Whenever a line below holds the word "frame", count it once; report the total and nothing else.

=======

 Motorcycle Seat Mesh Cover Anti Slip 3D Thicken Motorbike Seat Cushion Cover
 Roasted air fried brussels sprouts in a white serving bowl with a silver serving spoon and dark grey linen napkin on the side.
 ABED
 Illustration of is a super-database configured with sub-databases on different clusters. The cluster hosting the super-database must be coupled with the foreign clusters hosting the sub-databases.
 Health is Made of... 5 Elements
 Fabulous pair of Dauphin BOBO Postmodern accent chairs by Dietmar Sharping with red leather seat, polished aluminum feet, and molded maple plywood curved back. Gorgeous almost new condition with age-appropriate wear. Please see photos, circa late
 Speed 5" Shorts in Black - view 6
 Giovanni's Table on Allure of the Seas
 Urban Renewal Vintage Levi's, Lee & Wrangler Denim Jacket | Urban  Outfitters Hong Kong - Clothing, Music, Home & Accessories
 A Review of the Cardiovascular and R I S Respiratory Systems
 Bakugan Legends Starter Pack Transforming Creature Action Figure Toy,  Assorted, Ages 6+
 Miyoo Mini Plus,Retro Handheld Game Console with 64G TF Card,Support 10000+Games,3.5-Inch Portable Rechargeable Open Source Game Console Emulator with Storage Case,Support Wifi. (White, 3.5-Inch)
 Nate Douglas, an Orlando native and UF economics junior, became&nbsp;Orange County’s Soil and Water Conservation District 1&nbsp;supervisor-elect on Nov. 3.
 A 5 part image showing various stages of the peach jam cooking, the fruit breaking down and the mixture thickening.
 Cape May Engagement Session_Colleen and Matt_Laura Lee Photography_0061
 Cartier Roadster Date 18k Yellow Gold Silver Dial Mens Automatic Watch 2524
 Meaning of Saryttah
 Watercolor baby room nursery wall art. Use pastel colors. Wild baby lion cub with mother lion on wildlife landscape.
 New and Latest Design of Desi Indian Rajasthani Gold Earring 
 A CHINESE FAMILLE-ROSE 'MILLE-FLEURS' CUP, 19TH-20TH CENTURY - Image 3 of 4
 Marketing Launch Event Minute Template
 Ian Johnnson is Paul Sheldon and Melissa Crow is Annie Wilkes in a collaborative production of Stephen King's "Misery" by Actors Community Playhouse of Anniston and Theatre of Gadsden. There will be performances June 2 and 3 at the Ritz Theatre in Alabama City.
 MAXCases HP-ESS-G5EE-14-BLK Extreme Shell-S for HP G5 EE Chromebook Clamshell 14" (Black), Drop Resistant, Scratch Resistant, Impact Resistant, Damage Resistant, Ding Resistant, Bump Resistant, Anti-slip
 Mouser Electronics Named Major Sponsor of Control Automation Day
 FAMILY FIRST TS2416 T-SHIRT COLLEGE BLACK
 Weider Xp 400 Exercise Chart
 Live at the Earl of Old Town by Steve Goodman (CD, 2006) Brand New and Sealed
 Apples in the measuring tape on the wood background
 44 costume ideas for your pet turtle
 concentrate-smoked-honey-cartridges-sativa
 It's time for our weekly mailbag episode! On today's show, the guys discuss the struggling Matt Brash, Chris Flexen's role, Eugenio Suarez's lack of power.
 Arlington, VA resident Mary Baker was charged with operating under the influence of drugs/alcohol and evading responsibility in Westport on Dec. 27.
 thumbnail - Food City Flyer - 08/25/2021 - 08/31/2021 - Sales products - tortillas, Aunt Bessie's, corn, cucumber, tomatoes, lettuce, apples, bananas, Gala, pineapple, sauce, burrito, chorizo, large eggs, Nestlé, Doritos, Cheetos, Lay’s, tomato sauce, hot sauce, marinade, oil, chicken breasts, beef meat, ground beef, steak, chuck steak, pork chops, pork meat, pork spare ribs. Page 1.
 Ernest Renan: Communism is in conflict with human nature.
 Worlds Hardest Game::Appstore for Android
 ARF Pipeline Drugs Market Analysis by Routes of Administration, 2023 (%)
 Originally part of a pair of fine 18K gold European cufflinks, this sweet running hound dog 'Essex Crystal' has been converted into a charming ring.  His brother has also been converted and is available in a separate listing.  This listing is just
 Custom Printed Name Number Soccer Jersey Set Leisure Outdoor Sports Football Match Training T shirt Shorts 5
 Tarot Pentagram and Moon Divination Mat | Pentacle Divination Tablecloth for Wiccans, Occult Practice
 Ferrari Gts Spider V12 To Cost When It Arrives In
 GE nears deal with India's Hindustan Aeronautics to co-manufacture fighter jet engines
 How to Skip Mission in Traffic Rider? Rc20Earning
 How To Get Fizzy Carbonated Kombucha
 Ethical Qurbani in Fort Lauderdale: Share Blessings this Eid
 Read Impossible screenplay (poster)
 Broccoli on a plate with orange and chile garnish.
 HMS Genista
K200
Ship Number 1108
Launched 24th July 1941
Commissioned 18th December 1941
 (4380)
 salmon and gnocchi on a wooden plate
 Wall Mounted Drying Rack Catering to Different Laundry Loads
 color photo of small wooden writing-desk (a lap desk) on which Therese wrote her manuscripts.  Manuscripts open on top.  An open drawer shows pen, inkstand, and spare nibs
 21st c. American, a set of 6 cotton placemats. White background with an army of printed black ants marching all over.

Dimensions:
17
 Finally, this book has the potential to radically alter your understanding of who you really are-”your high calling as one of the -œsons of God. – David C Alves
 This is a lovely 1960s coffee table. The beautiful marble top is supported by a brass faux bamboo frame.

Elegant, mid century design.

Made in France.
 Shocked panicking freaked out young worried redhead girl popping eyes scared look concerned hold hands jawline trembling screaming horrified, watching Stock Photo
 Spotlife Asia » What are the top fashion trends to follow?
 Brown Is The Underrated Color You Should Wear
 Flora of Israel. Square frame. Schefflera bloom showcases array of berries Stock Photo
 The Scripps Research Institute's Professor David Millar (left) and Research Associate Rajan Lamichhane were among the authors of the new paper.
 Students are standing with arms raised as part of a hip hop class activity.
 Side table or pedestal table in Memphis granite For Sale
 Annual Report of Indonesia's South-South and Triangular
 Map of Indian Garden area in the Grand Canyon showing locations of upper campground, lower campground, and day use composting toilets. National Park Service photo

=======

#### [Exercise output]
2